No decimal points, so Mathematica assumes all integers and rationals are infinitely precise.

Assign values to all your variables except V and x.

Use DSolve instead of NDSolve so you get back an equation instead of just a cloud of points.

Use Simplify on that result because it will probably be huge and often Simplify can make that dramatically smaller.

Now, wrapped in a little of the -> notation returned from DSolve, hopefully you will have a single function of x and V. It may be complicated, but if you can get it then you just have that function.

If you have a function of x and V then can you think how you would compute the gradient that you want? And if so can you translate that into a Mathematica expression that will take your large result from DSolve and perhaps get what you need?

Now, little side notes on your last post.

It is difficult to tell with a differential equation whether changing a sign will make a huge difference or not. All I can say is try it and see.

If I get numbers that are far from what I expect then that is a flag waving at me that I have made at least three errors that I have to hunt down and fix.

As for my error and warning messages, I have all the warnings I can get turned on. And I probably have a different version. Those make it difficult to directly translate between what you see and what I see.

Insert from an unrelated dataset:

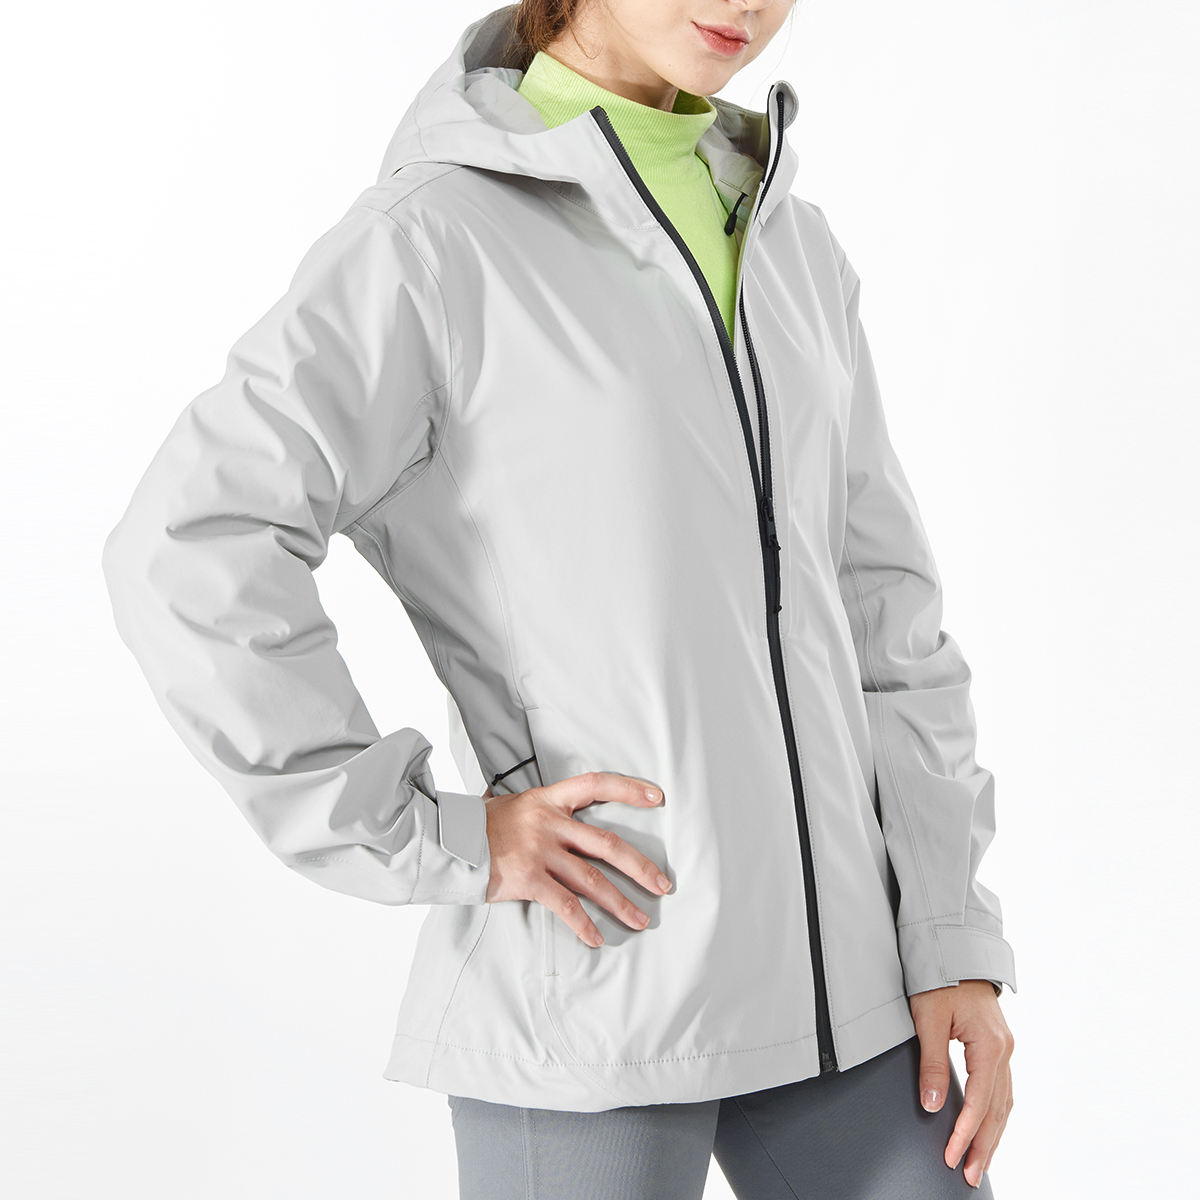 Gymax Women' Waterproof Jacket Hooded Coat w/Cuff Camping Gray Size M - image 1 of 10

As for ListPlot vs Plot, Plot will try to be "adaptive" and adjust where and how many points it evaluates. Your ListPlot[Table[]] will usually tend to just find a fixed set of points. Sometimes a ListPlot is enough. If I have a really difficult problem, where Plot might sample lots of points and take huge amounts of time I will sometimes just do a modest sized ListPlot[Table[]] and hope I'm not missing something critical.

If you are getting V instead of x as a label on the axis then you may be showing something very different. But if I am guessing correctly, since you want the gradient, you may be thinking of something like a 3D plot and looking for some vector in x-V space, and thus both x and V are plot variables, but I can't be sure.

I hope some of this has helped you.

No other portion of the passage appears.